SingleAspect -> Sir Norfolk Passmore

Fair comment. I recently went on an RIBA tour of Ash Court at Girton College in Cambridge and that is Premier Inn quality of accommodation not luxury I’ll grant you and so I should not have used the word luxury.

I’ve been wondering why my generation was happy to share facilities where today’s generation “want” en-suites and suspect they don’t and would happily pay less for accommodation without en-suites but increasingly don’t have the choice. That’s what bothers me. I don’t believe people have changed that much in 30 years that they are no longer prepared to share showers and toilets but I can well understand the arguments for using the rooms all the year round. It’s just that on that basis no more student accommodation with shared facilities will ever be built and I think that’s a bad thing because it denies the students lower cost accommodation in the long term.

Also the en-suites take floor space out of the rooms, although Ash Court is an exception owing to the large room sizes anyway but from what I’ve seen of other plans I think Cambridge is an exception.


What utter tosh.

For the great majority of the time the accommodation will be occupied by students. It’s only during the summer months when the rooms will be free for other use, and even then it won’t be all of them.

Student accommodation has changed over the years. Even the halls of residence I stayed during my first year at university was transformed within the space of a few years – the TV room and the bar area both got satellite TV and other significant upgrades – and that was in the 1990s. Today the same accommodation is almost unrecognisable.

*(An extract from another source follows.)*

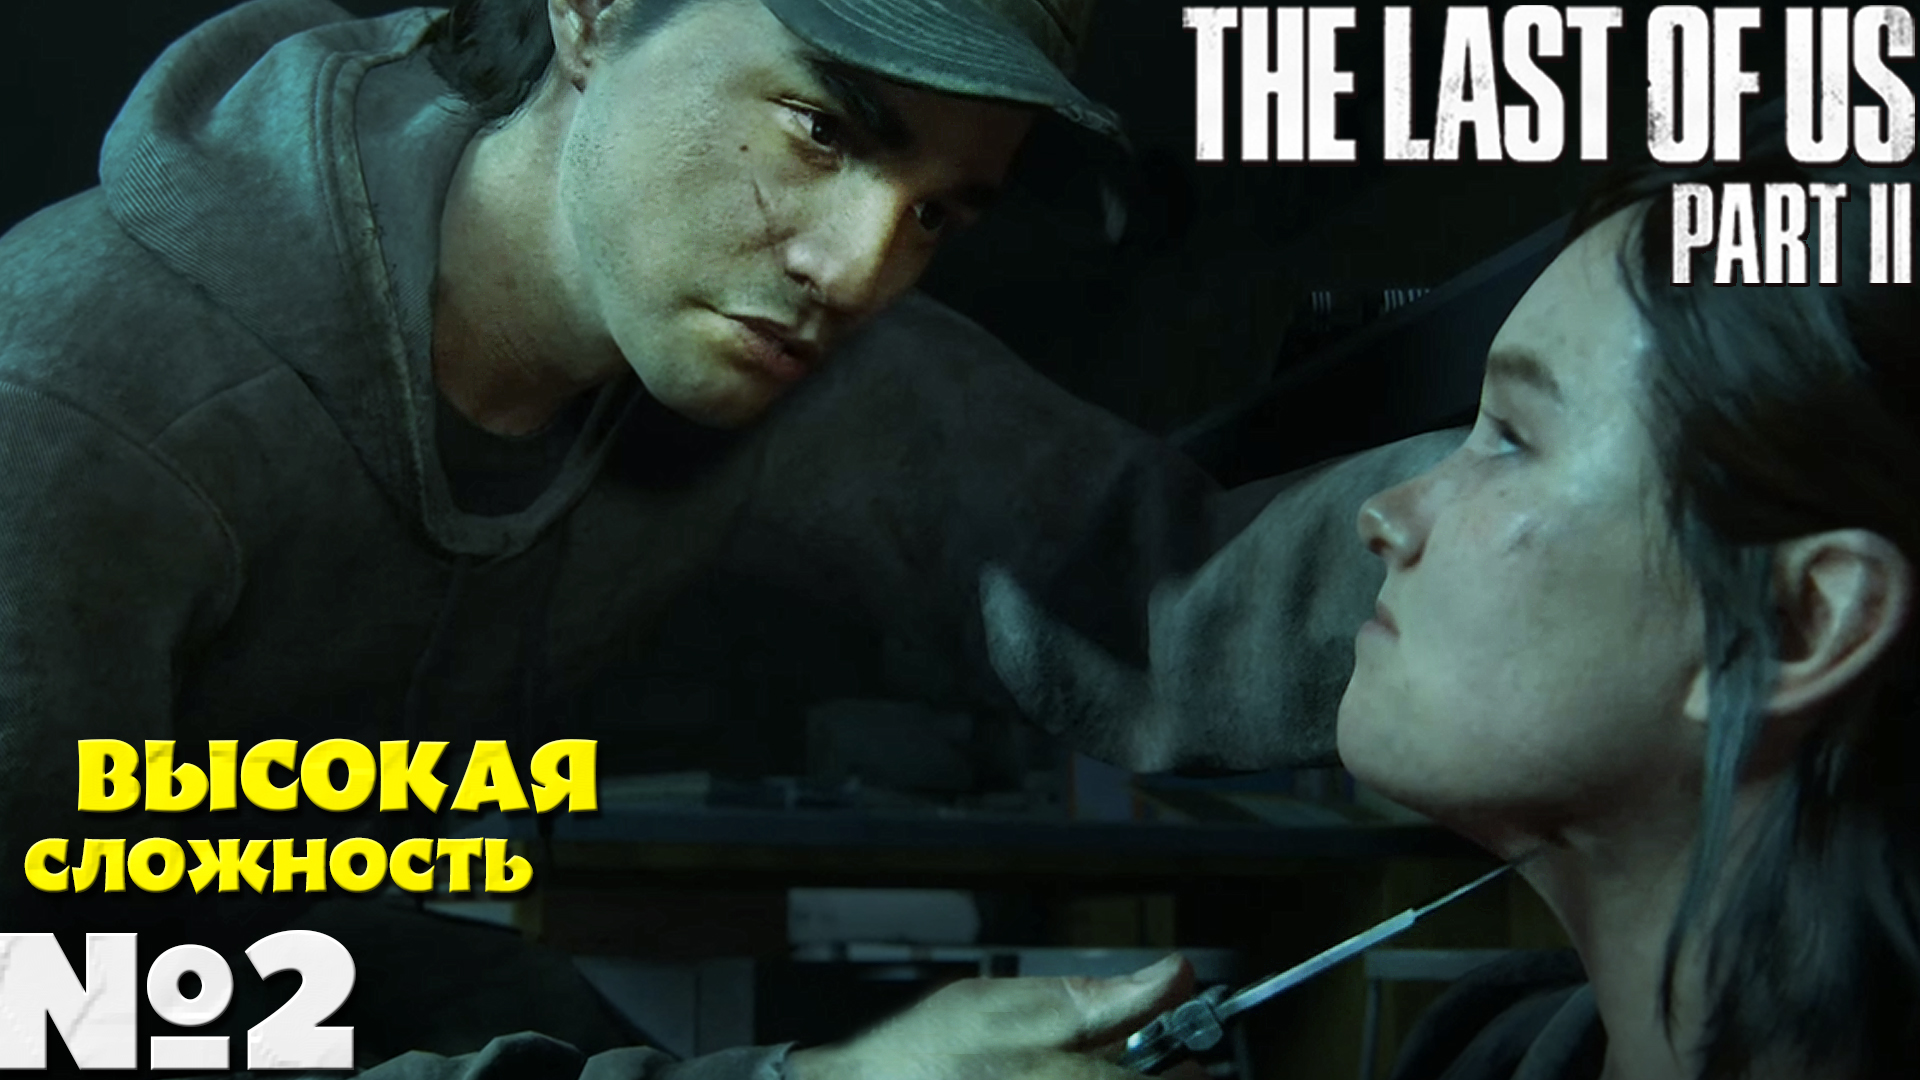 The Last of Us 2 (Одни из нас 2) - Прохождение. Часть №2. Сложность Высокая.

SingleAspect ->  wiakywbfatw

Quite right utter tosh. So now that I’ve got your attention and given that I’m not in a position to know would you please tell me whether you personally would prefer to pay more for a large room with an en-suite or less for a plain room with shared facilities? Thank you, this is a sincere question.

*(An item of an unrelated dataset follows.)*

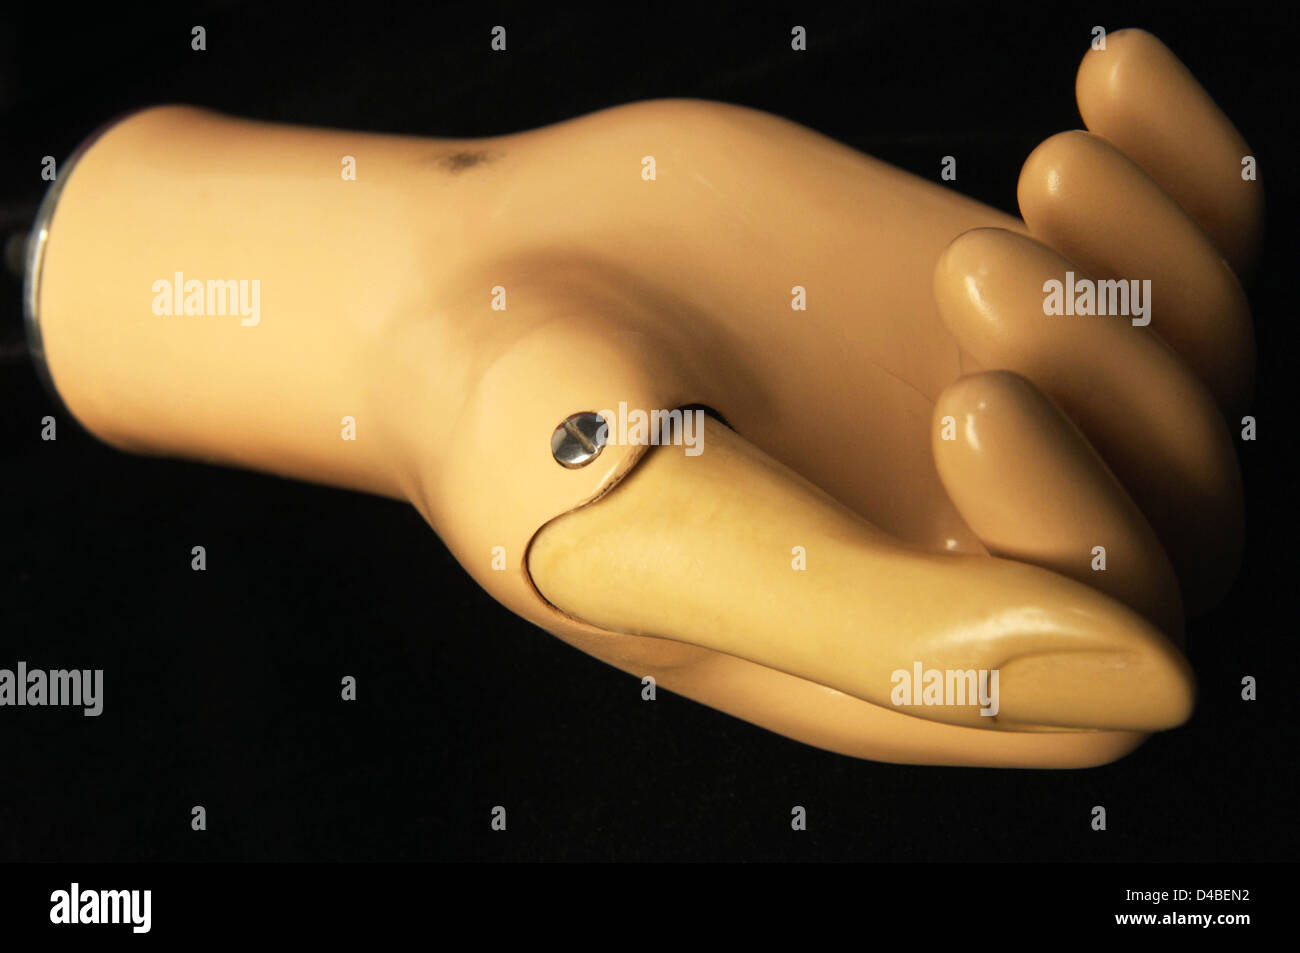 Prothetische Steeplon Hand entworfen, Arbeit in Verbindung Arbeitsarm über herkömmliche Zahnspange Riemenscheiben Schnüre gesteuert Stockfoto

As it happens the Cambridge terms are remarkably short barely half a year and so here the conference season is no doubt important. But I’m not sure that’s typical.

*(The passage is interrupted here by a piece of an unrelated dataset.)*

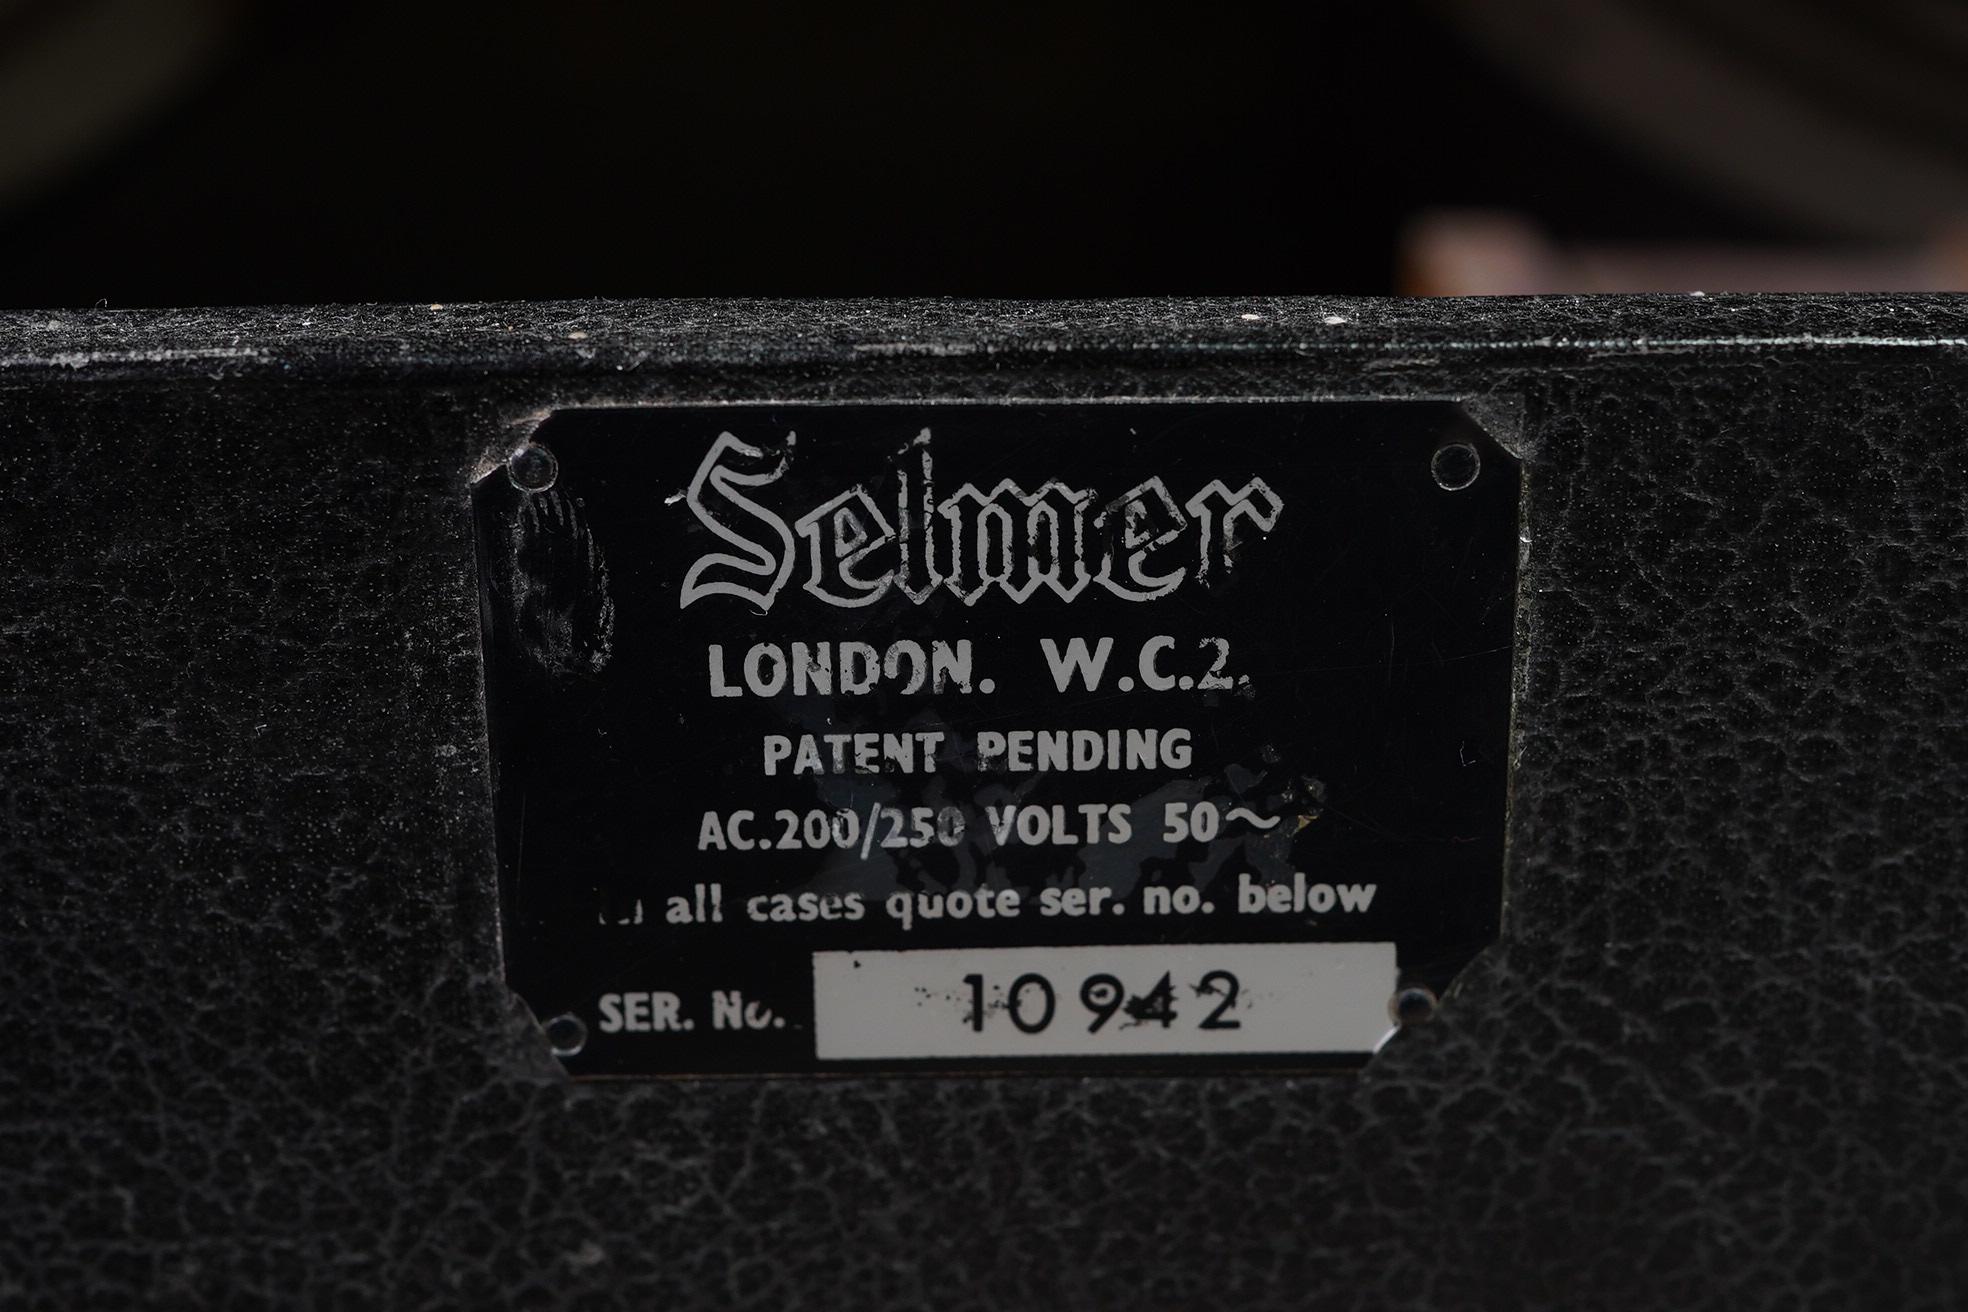 1963 Selmer Truvoice Zodiac Twin 30 Amplifier

Different students have different expectations when they go to university but many things that were unheard of in most accommodation just ten or twenty years ago are now regarded as must-haves.

For example, broadband connections in every room and wifi throughout, whiteboards and shelving for books. My accommodation 30-odd years ago had none of that (we considered ourselves fortunate that there was an on-site laundry room) but these days those sorts of things are standard in most university halls.

It’s not about en suite toilets and shower rooms (although such things existed even back in the 1990s, at Leeds for one) it’s about the sort of incremental upgrades that most kids these days can’t get by without.


Well, at least you admit that you’ve chosen an exception rather than the rule.

Cambridge is one of the few universities that will cover more than basic running costs during the summer months: most of the Hulls and Leicesters of the world will find most of their rooms empty for most of the summer.

Also, you’ve vastly exaggerated how much of the time the rooms are going to be available during the year. Yes, the academic term has breaks in the winter and spring too but during those times the rooms will either be partly occupied by students who choose not to return home (or who choose to do so but who still rent out their rooms so they don’t have to move everything out just to move it back in again a couple of weeks later) and the number of rooms let out to non-students at that time is minimal.

No offence but I would have thought that someone going to Cambridge would be able to see all that for themselves.


I’ve omitted three less relevant comments here, they’re on the Guardian website to read.


I’m afraid you may be leaving out the most important driver here, which is the parents. Feedback from our Open Days is that parents who express an opinion (by no means, of course, a representative sample) are overwhelmingly in favour of the newer and more expensive hall accommodation.